» **Problem statement**
Make an exact copy of all the data, pictures excluded.

» **Available data**
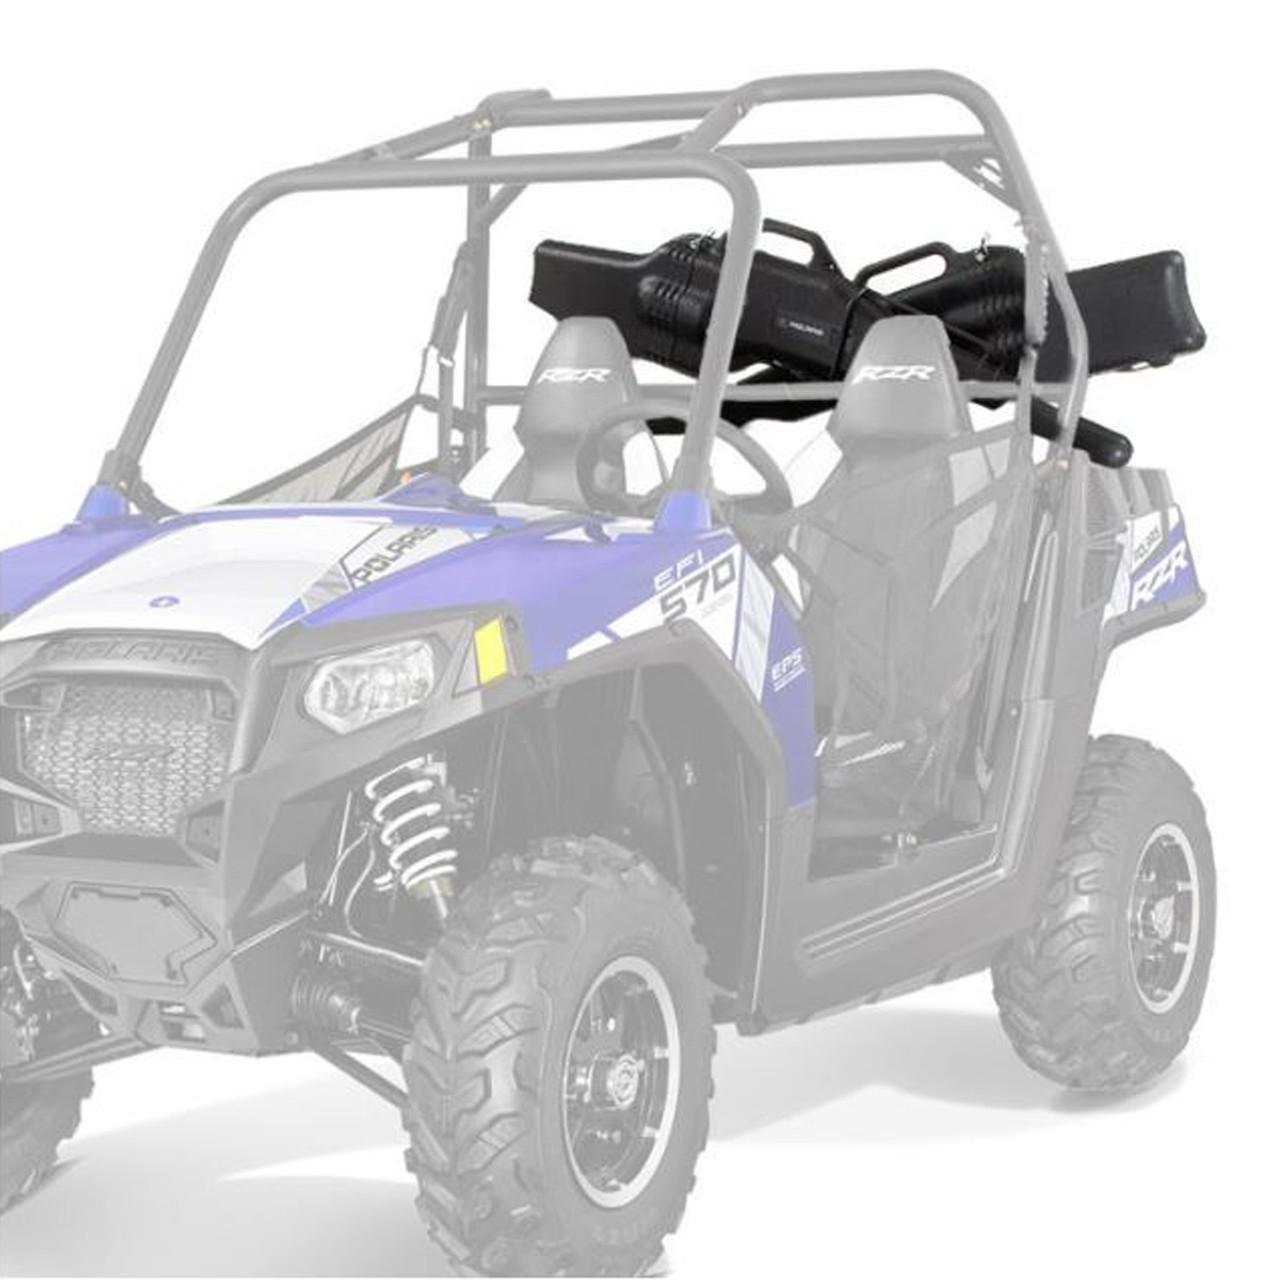 Polaris New OEM Ranger Razor RZR Lock /& Ride Fast Clamp Accessory Mount 2858880
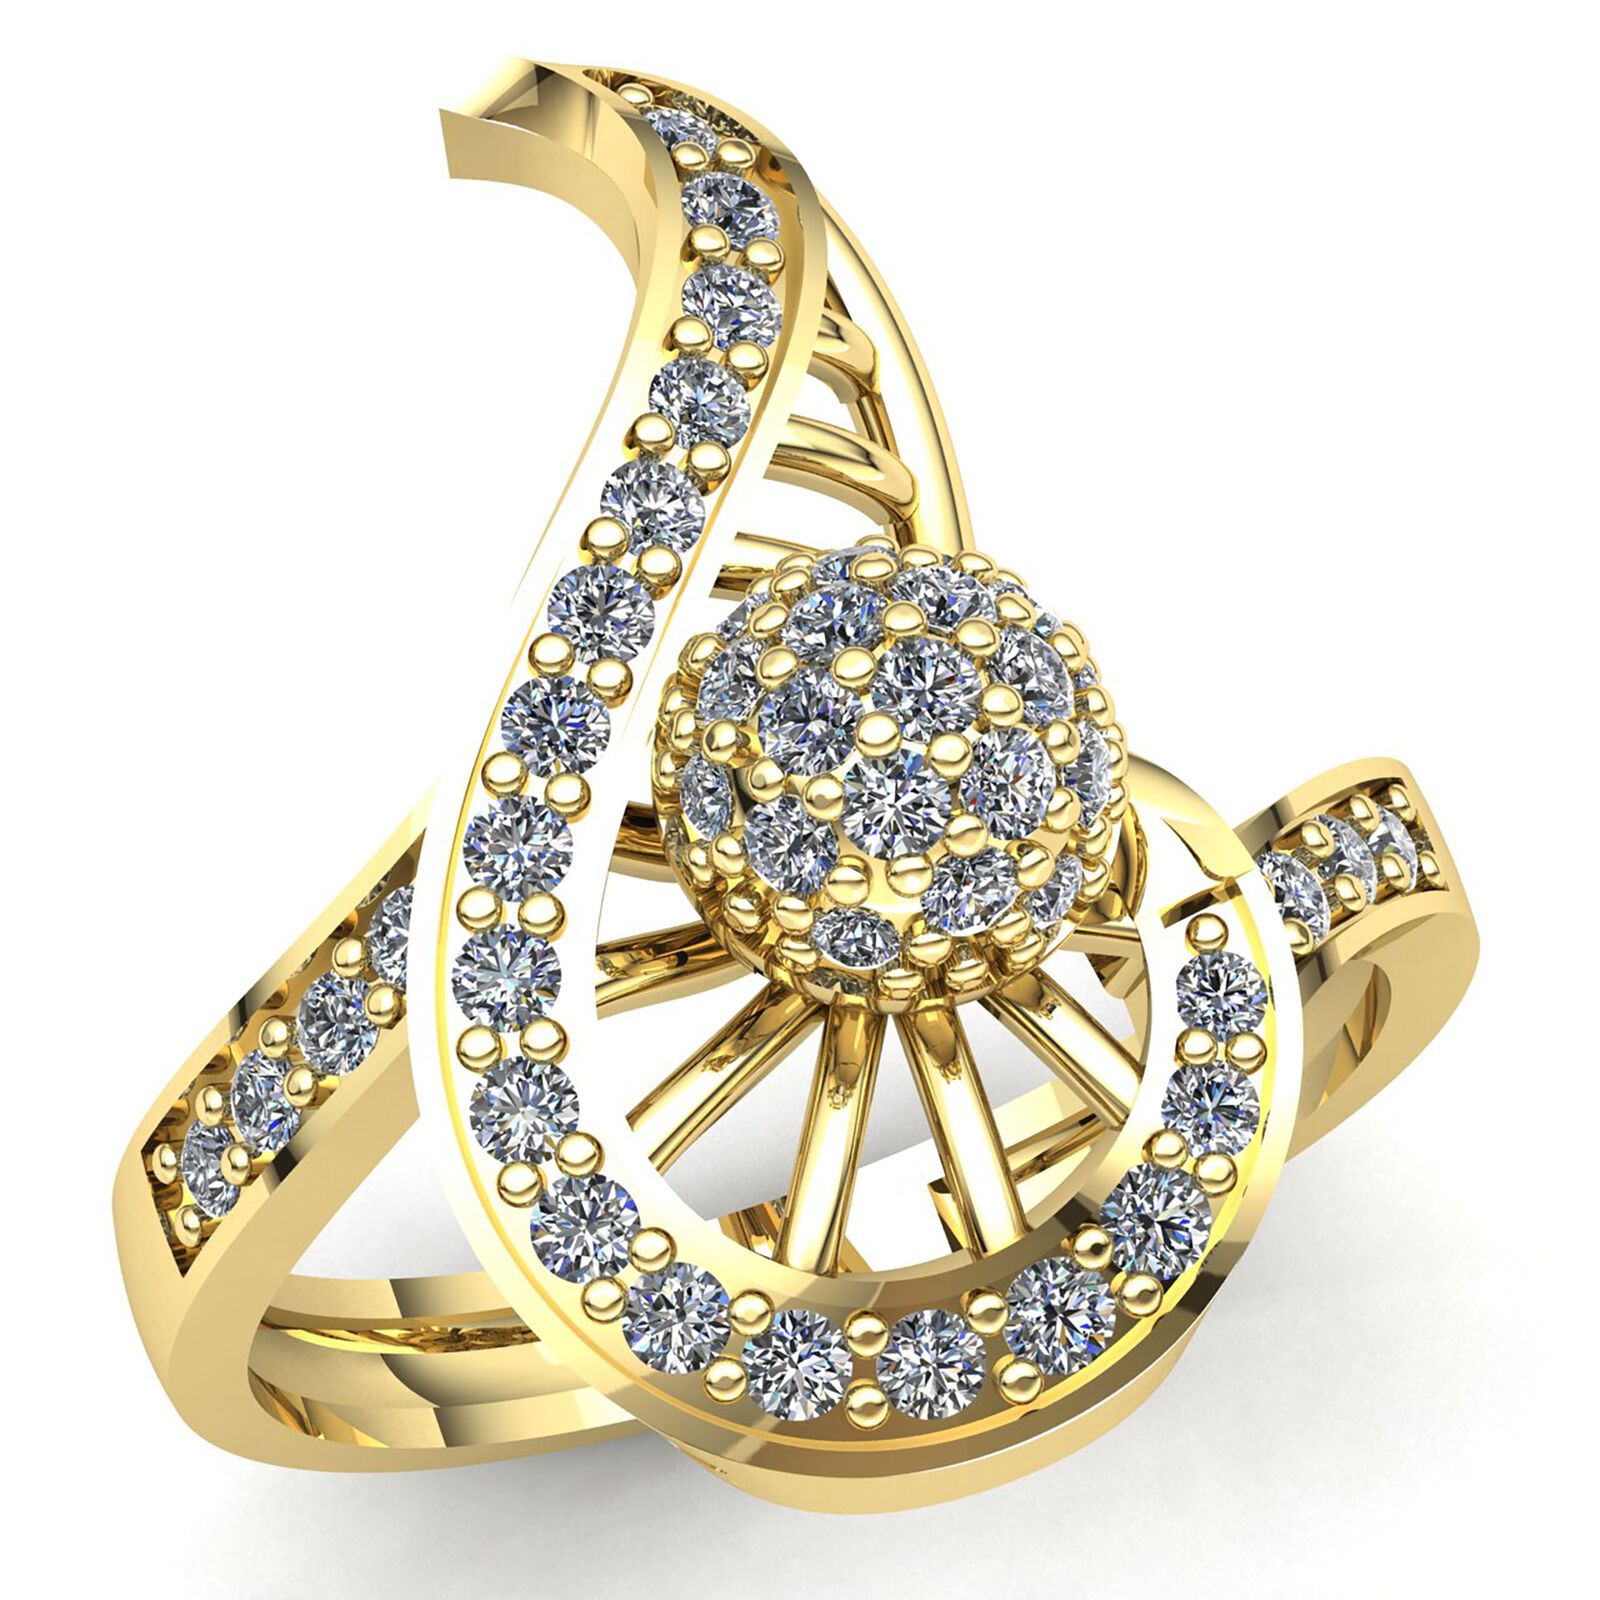 Genuine 0.75ct Round Cut Diamond Ladies Cluster Vintage Engagement Ring 10K gold
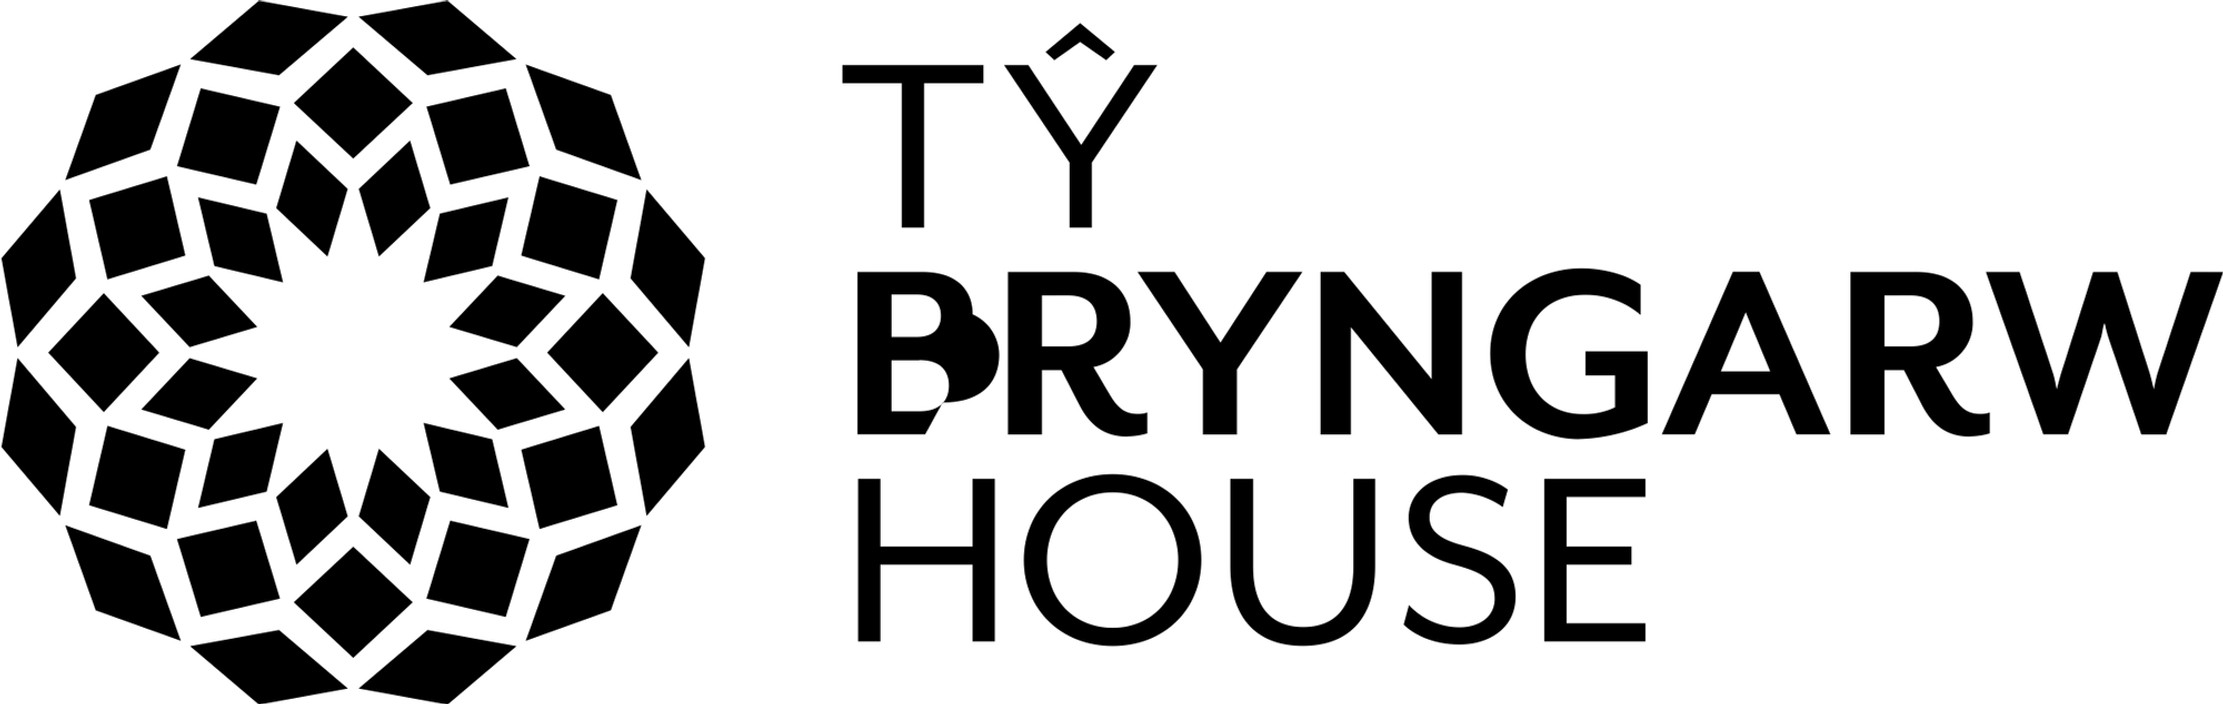 bryngarw house.jpg

» **Solution to the exercise**
 Polaris New OEM Ranger Razor RZR Lock /& Ride Fast Clamp Accessory Mount 2858880
 Genuine 0.75ct Round Cut Diamond Ladies Cluster Vintage Engagement Ring 10K gold
 bryngarw house.jpg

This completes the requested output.